You can now converse with it on the command line.

The prompt template

The prompt to the Llama2 LLM must follow the exact same template format it was finetuned on. It is as follows. As you can see, there is a "system prompt" and followed by back-and-forth conversations, ending with the user's new question or prompt. When the LLM answers, we can simply append the answer to the end of the prompt, and then put the next question in [INST]...[/INST].

<s>[INST] <<SYS>>
You are a helpful assistant. Be polite!
<</SYS>>

My first question? [/INST] The first answer. </s><s>[INST] My second question? [/INST] The second answer.</s><s>[INST] My third question? [/INST]

Llama2 is just one of the prompt templates for chat. We also have examples for the chatml template and the gemma template.

Code walkthrough

The source code of this project is here. It starts the execution context with options and sends in the prompt to compute().

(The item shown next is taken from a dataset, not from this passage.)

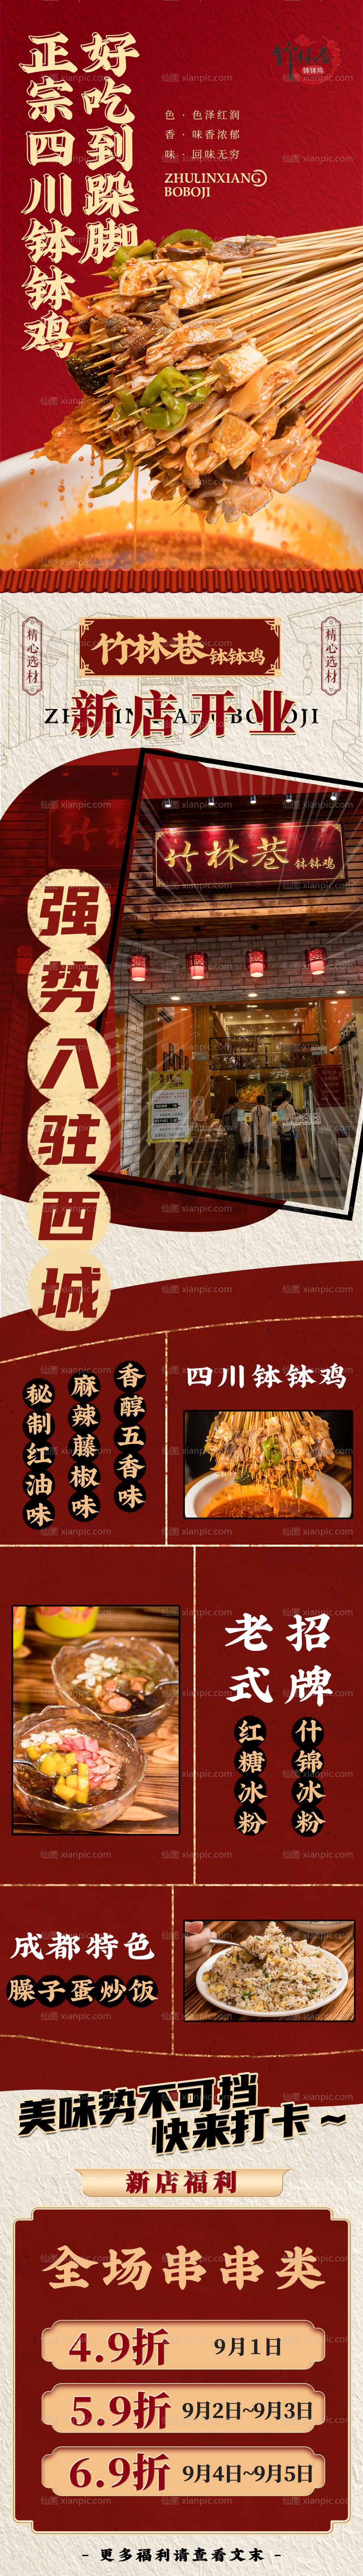 仙图网-海报设计餐饮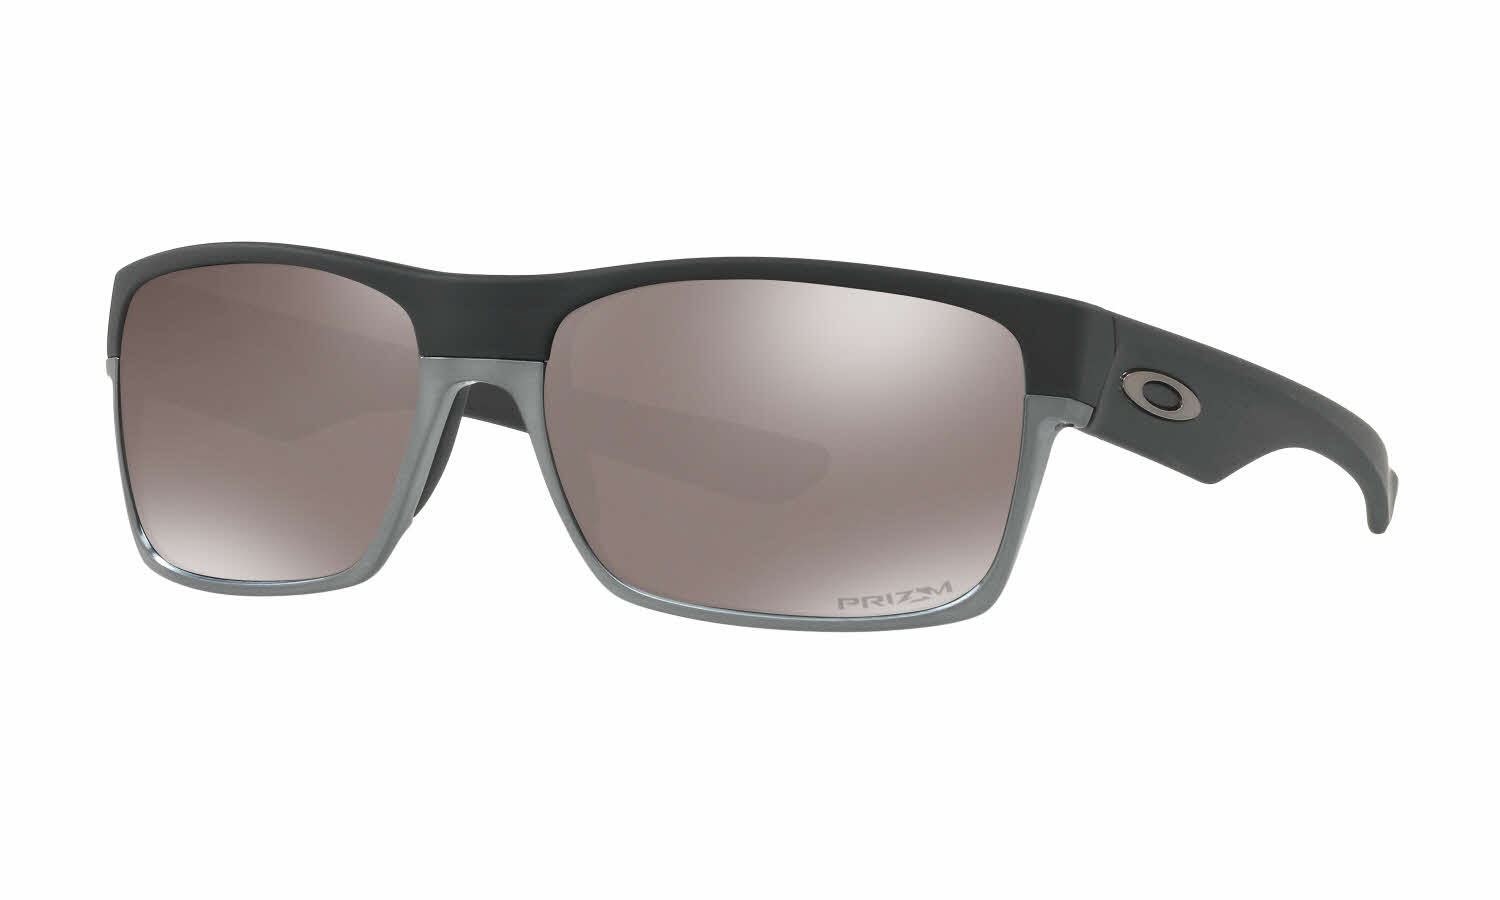 Oakley Twoface Sunglasses

let graph = GraphBuilder::new(GraphEncoding::Ggml, ExecutionTarget::AUTO)
.config(serde_json::to_string(&options).expect("Failed to serialize options"))
.build_from_cache(model_name)
.expect("Failed to build graph");
let mut context = graph
.init_execution_context()
.expect("Failed to init context");

... ...

let tensor_data = prompt.as_bytes().to_vec();
context.set_input(0, TensorType::U8, &[1], &tensor_data).expect("Failed to set input");
context.compute().expect("Failed to compute");
let output = get_output_from_context(&context);
println!("{}", output.trim());

The interesting part, however, is how we construct the prompt. It starts with the system prompt.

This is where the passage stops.